The heavier block will accelerate less under the same external force because acceleration (a = F/(m_A + m_B)) depends on the total mass. Even so, the internal force transmitted to the lighter block will be larger, causing it to accelerate more.

Q2: Can the blocks ever separate after a collision on a frictionless surface?

If the collision is elastic and the blocks are free to move, they can separate after exchanging momentum. In a perfectly inelastic collision, they remain stuck together.

Q3: Does the frictionless assumption matter for real-world applications?

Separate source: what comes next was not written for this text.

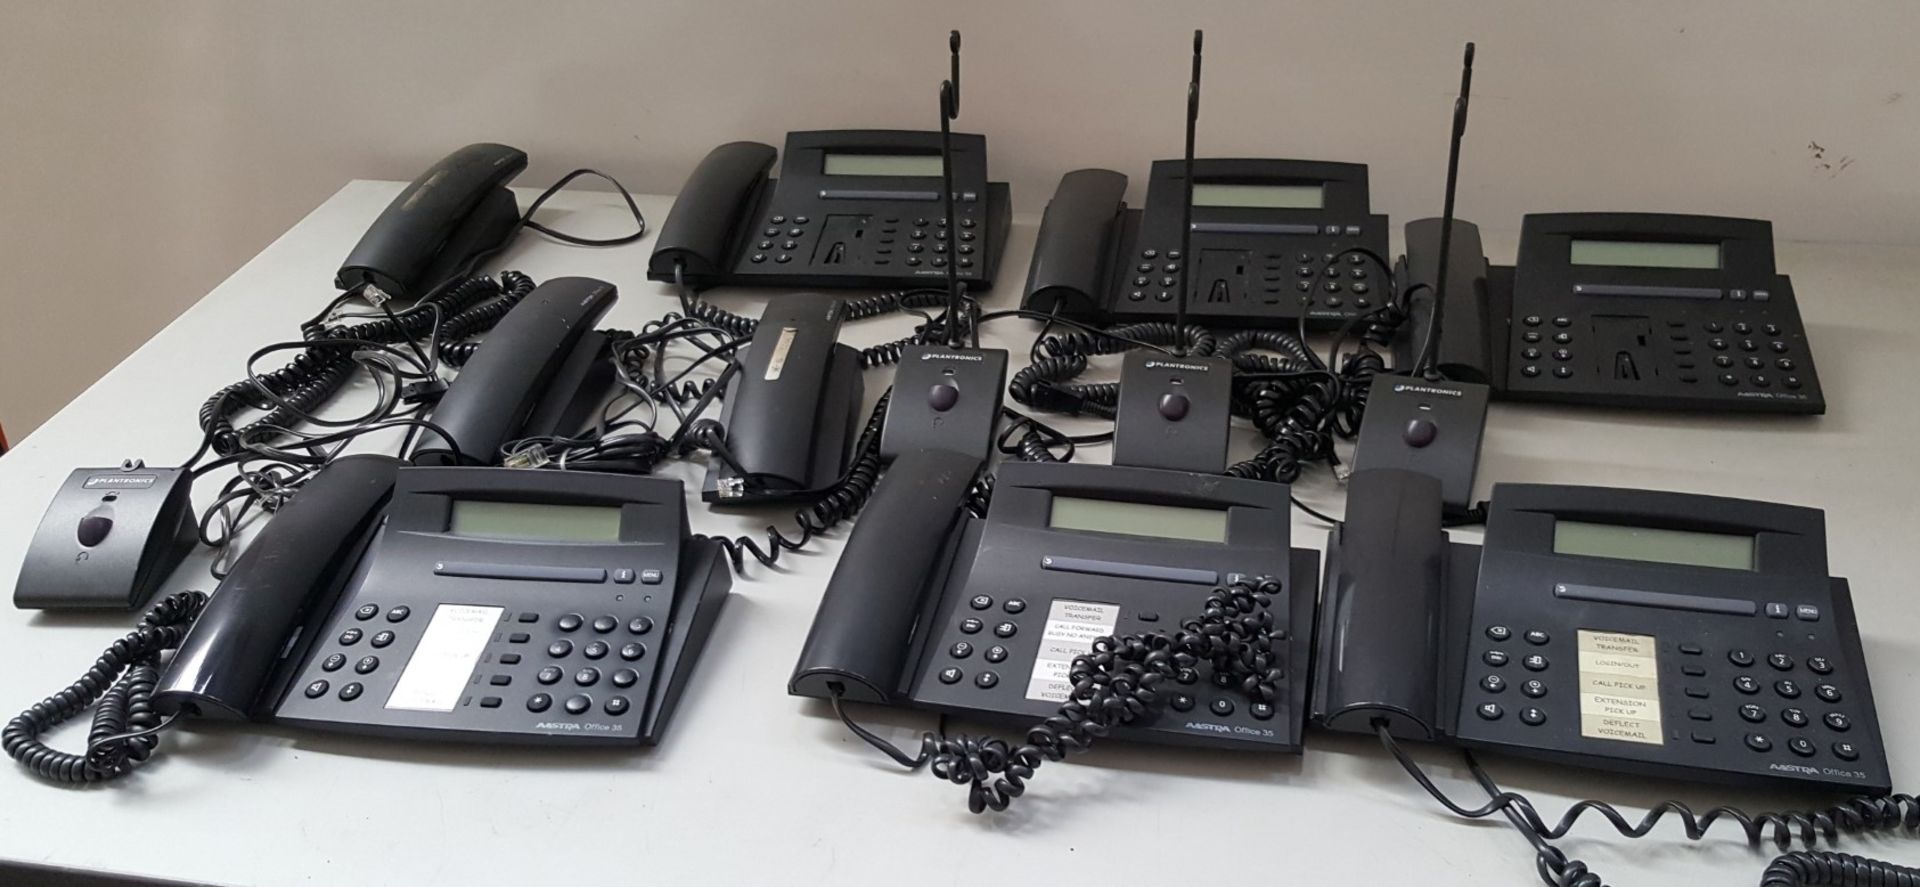 1 x Job Lot Of Various Office Phones & Biway Switches - Ref LD382 - Image 5 of 5

In real experiments, friction is rarely zero. Even so, assuming a frictionless surface simplifies the analysis and highlights the core principles of momentum and energy conservation. It’s a useful idealization for teaching It's one of those things that adds up..

Q4: How does the direction of applied force affect the outcome?

A horizontal force parallel to the surface keeps the system’s motion purely horizontal. A vertical force would change the normal force but not horizontal momentum. The frictionless surface ensures no horizontal reaction, so only horizontal components matter Easy to understand, harder to ignore..

Conclusion

Two blocks on a horizontal frictionless surface provide a clear window into the mechanics of forces, motion, and energy. But by applying Newton’s laws, conservation of momentum, and, where appropriate, conservation of kinetic energy, we can predict how the blocks will move, collide, and interact. Whether a single block is pushed, two blocks are in contact, or they collide elastically or inelastically, the underlying physics remains the same: forces, masses, and initial conditions dictate the outcome. Mastering these concepts equips students with the tools to tackle more complex systems where friction, rotation, or external fields come into play.